Given the A vector space $V$ over the field $\Bbb Z_2$ and a linear map $t:V \to V $ .following matrix $T =\begin{bmatrix}3& -1 &1\\-1 & 5 & -1\\ 1 & -1 & 3\end{bmatrix}$ where $T$ is a representation of $t$ Find the Kernel and Image. Finally say whether the following statement is true or false : $\operatorname{Ker} t \oplus \operatorname{Im} t = V $
Idea: rewrite $T$ as such $T==\begin{bmatrix}1& 1 &1\\1 & 1 & 1\\ 1 & 1 & 1\end{bmatrix}$ however I don't know how to precede
With @Jim help I found that kernel $=span(\lbrace\begin{bmatrix} -1\\1\\ 0\end{bmatrix} \begin{bmatrix} -1\\0\\ 1\end{bmatrix} \rbrace )$ However I don't quite know how to find the kernel $\cap$ Image
Rewriting $t$ as you have is the correct first step. From there recall that as $\mathbb Z_2$ is a field everything you learned in linear algebra still holds.
You can see that the rank of $t$ is $1$ and the image is spanned by the vector $$\begin{bmatrix} 1 \\ 1 \\ 1 \end{bmatrix}.$$ You know that the kernel has dimension $2$ so you just need to find two linearly independent vectors that are killed by your rewritten $t$. You can probably just guess them, so I'll let you do that.

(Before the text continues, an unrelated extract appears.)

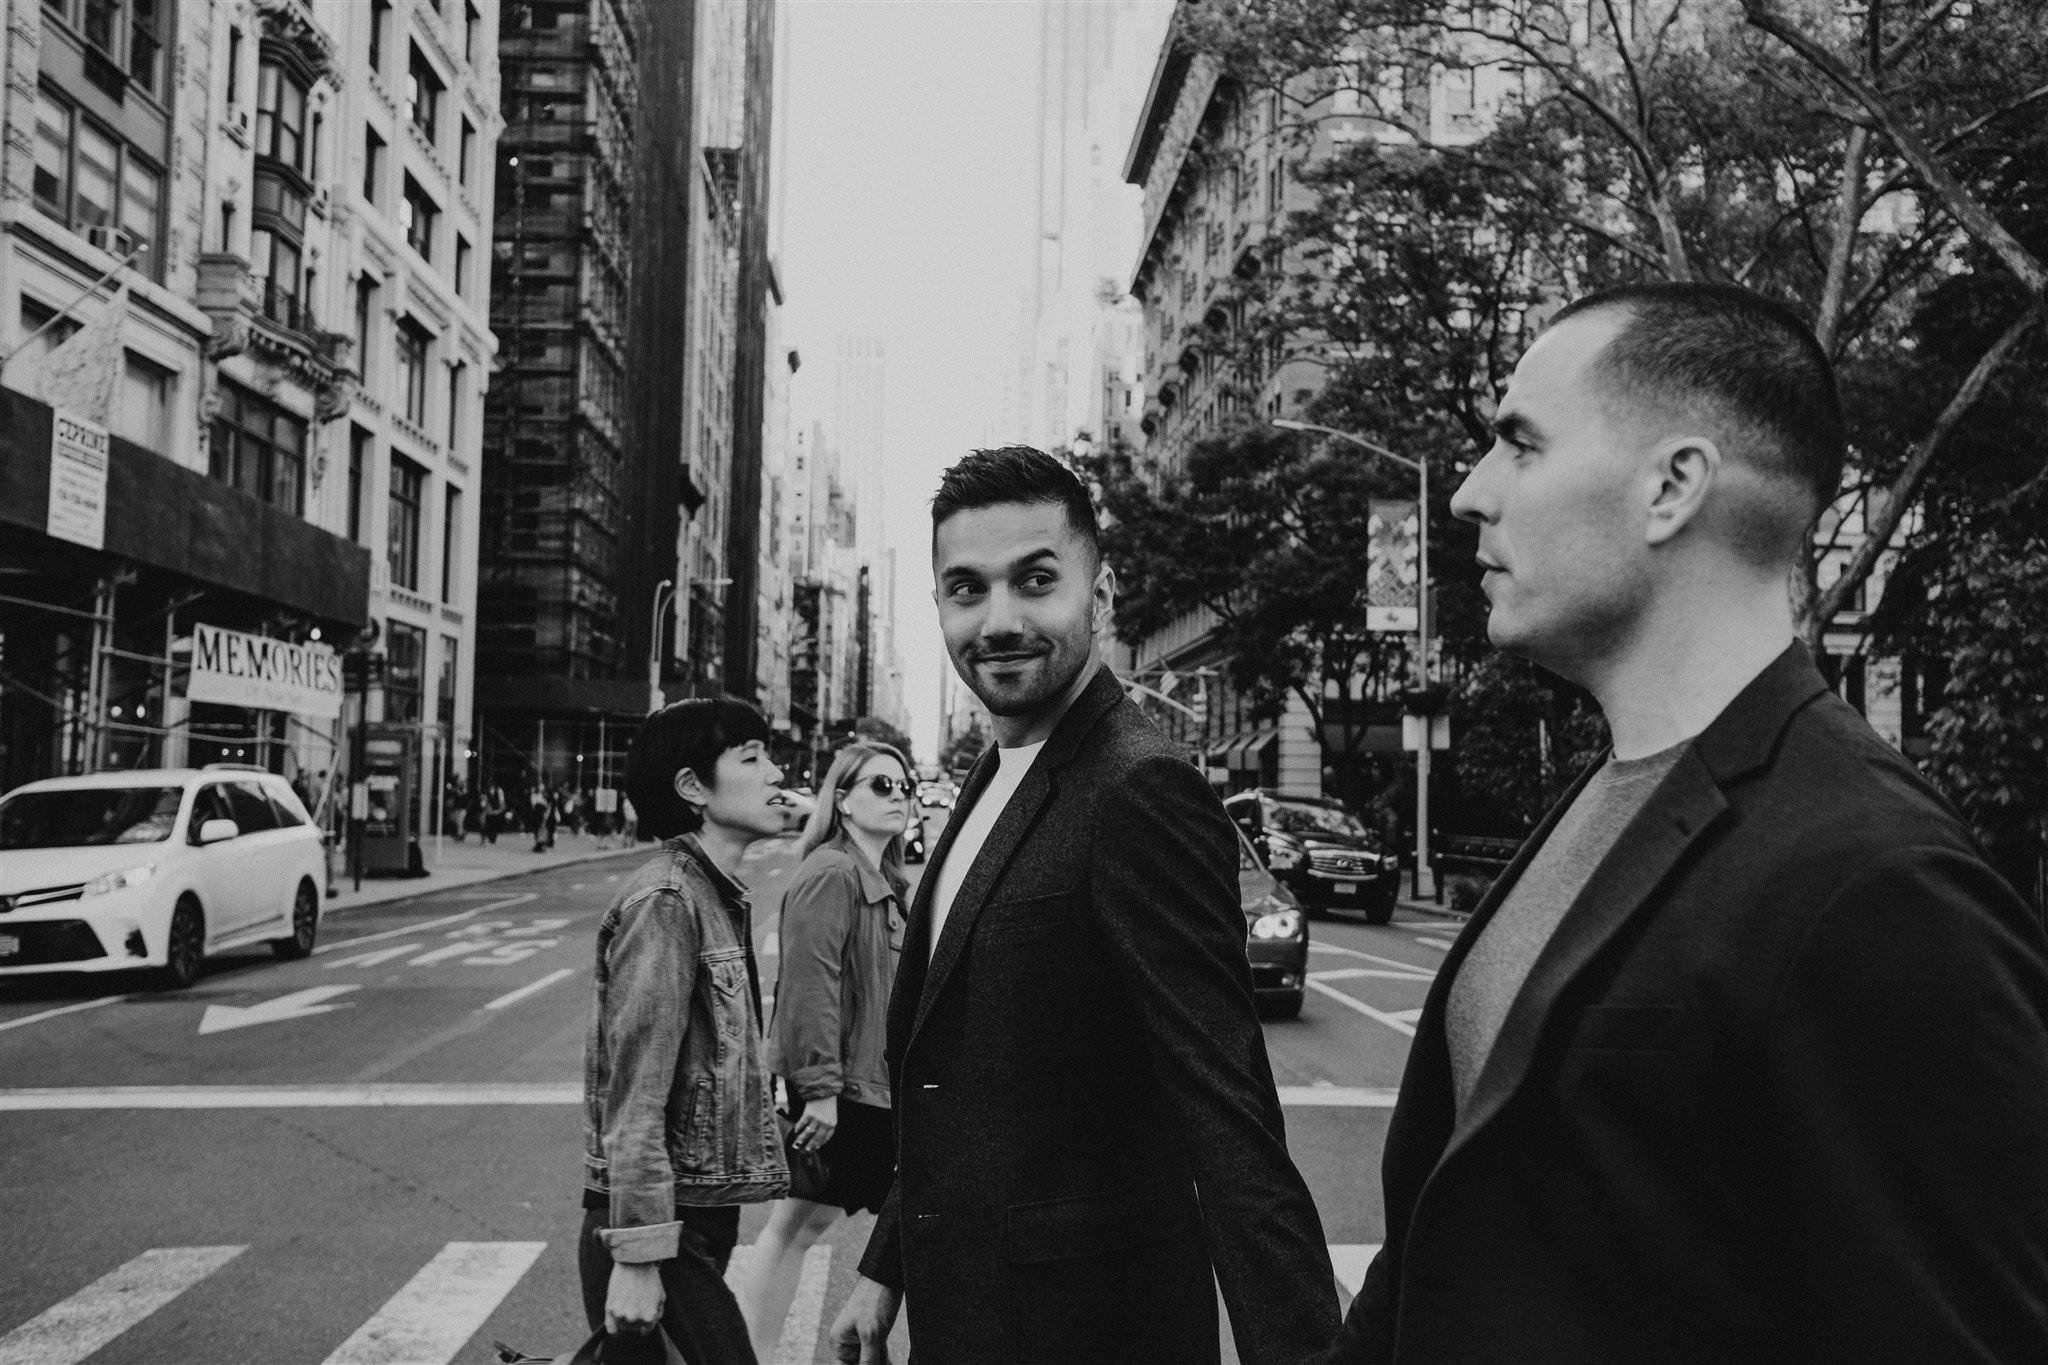 lbgtq-gay-wedding-elopement-photography-chellise-michael-photography282.JPG

As for kernel $\oplus$ image equaling $V$. You now know that the dimensions add to be $3$ so if the sum is direct then it does indeed equal $V$. To see that the sum is direct you need to show that the $0$ vector is the only vector in the intersection. As you know exactly what the image is, just apply $t$ and directly check what's in the kernel. You will find that the sum is indeed direct.